Ignoring every picture, transcribe the data in full as it stands.

*** Opening of Collected data ***

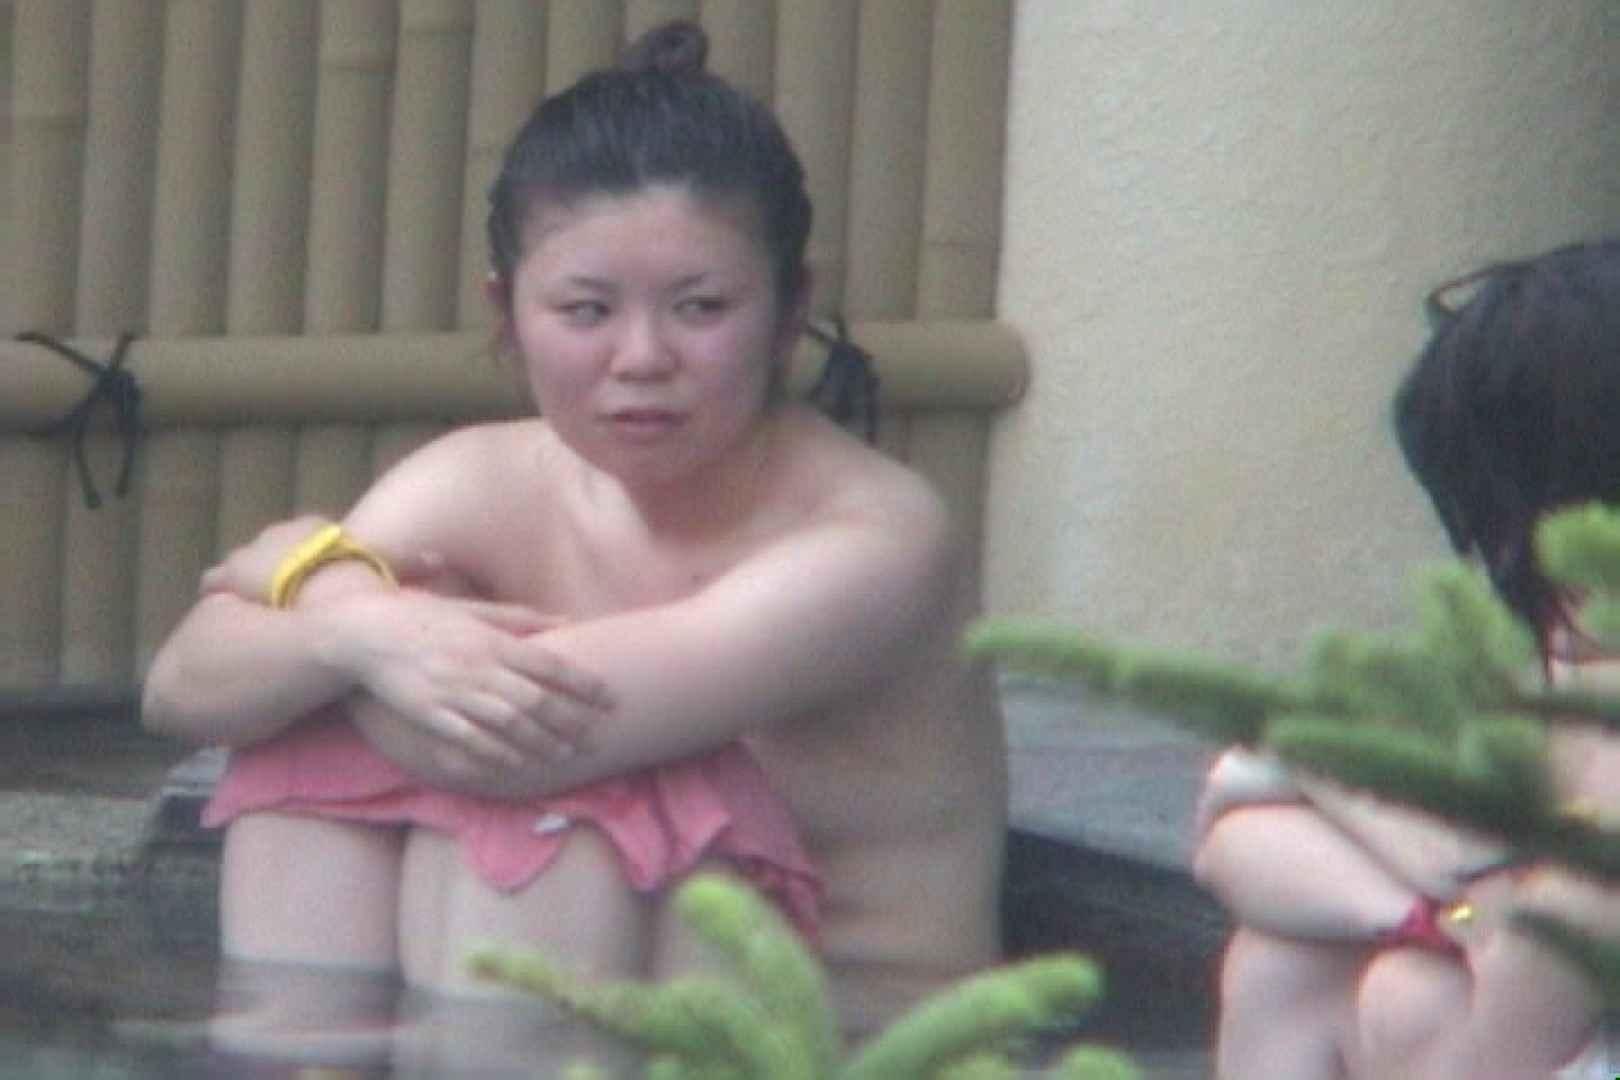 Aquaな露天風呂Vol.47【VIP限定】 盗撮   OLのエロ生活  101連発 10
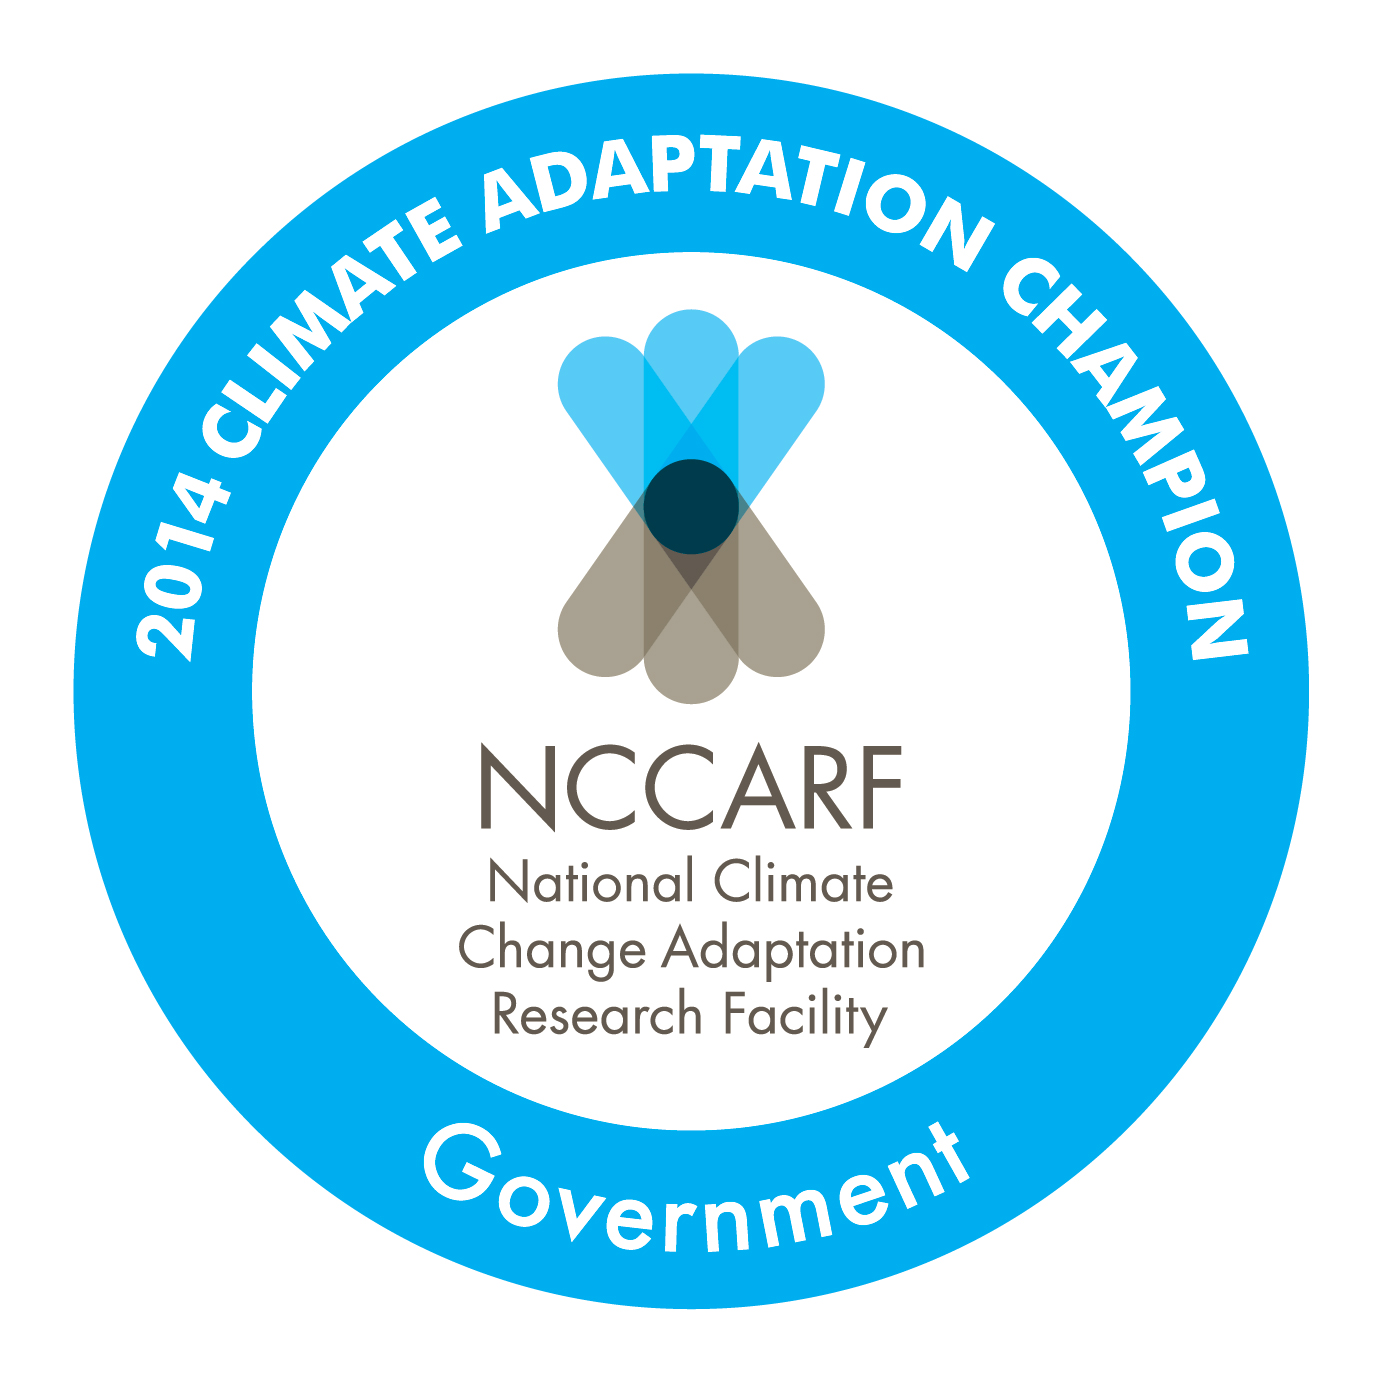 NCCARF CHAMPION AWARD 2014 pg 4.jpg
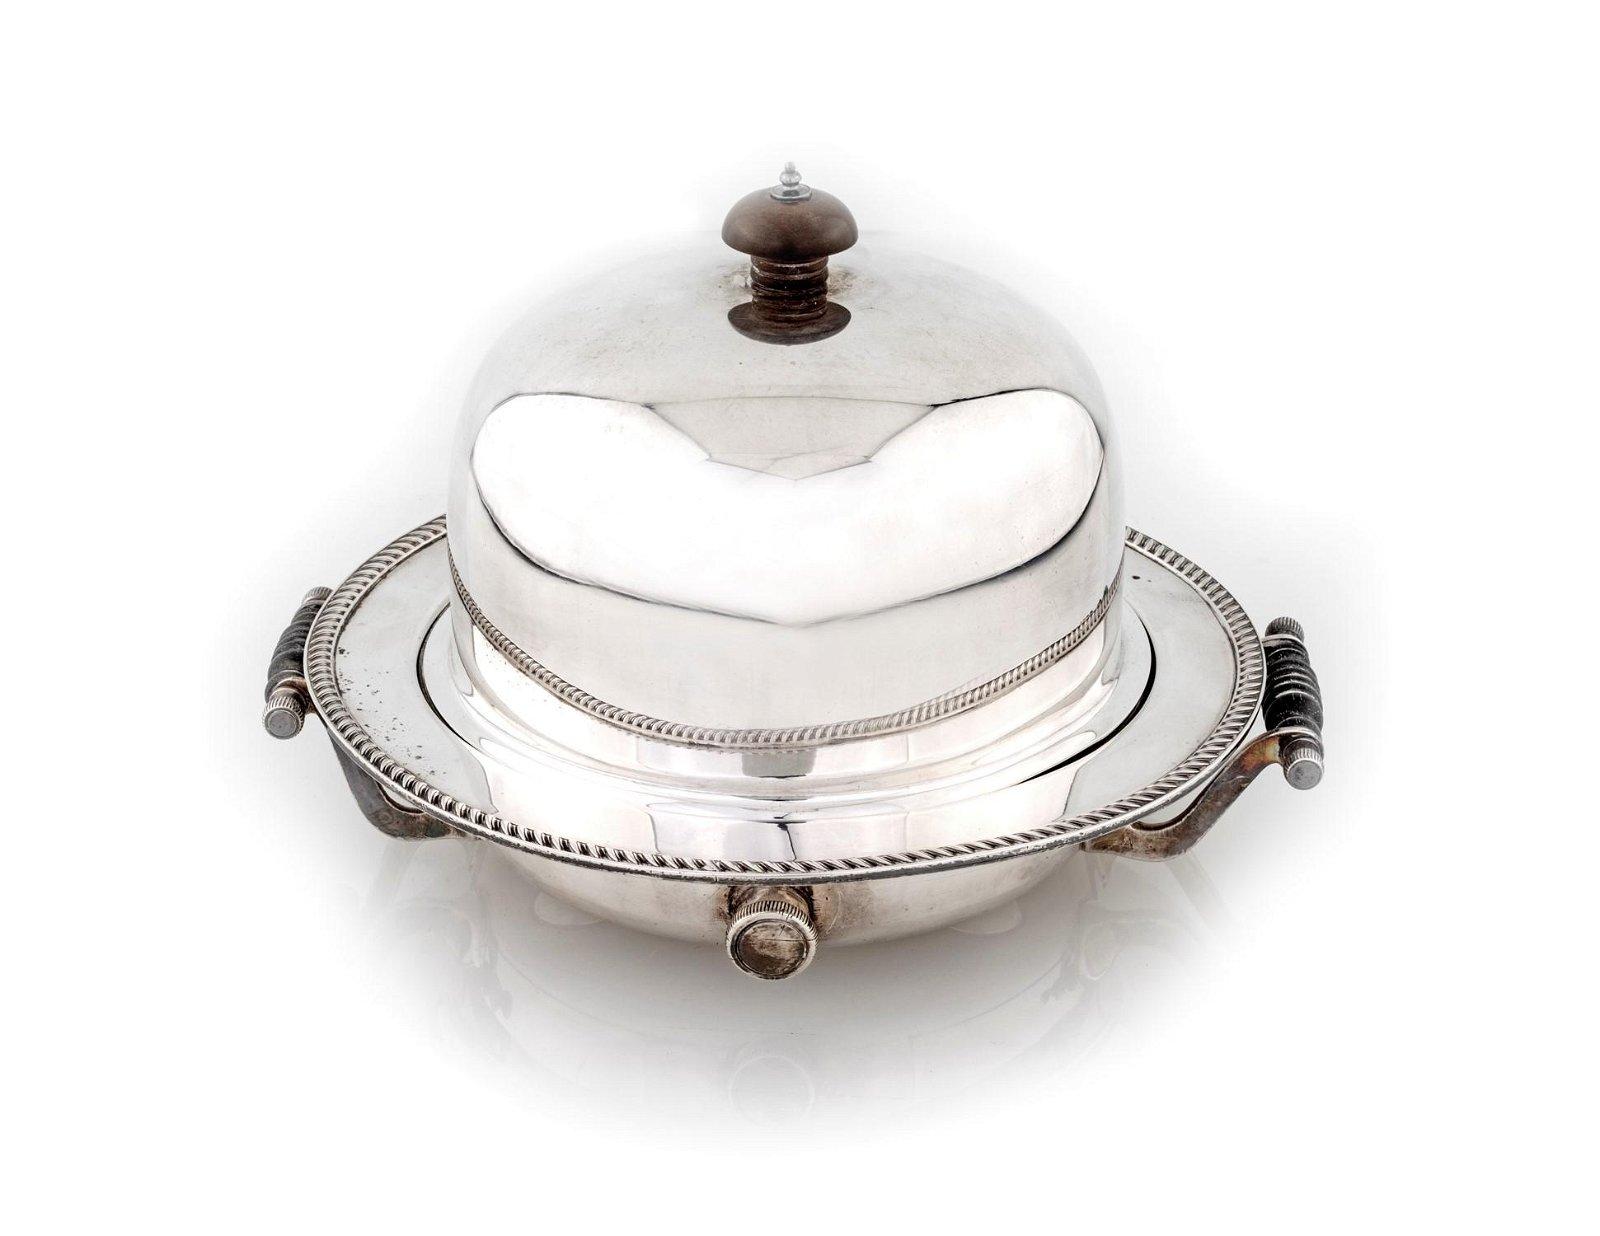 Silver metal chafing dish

*** Close of Collected data ***

▸ **Result of this task**:
 Aquaな露天風呂Vol.47【VIP限定】 盗撮   OLのエロ生活  101連発 10
 NCCARF CHAMPION AWARD 2014 pg 4.jpg
 Silver metal chafing dish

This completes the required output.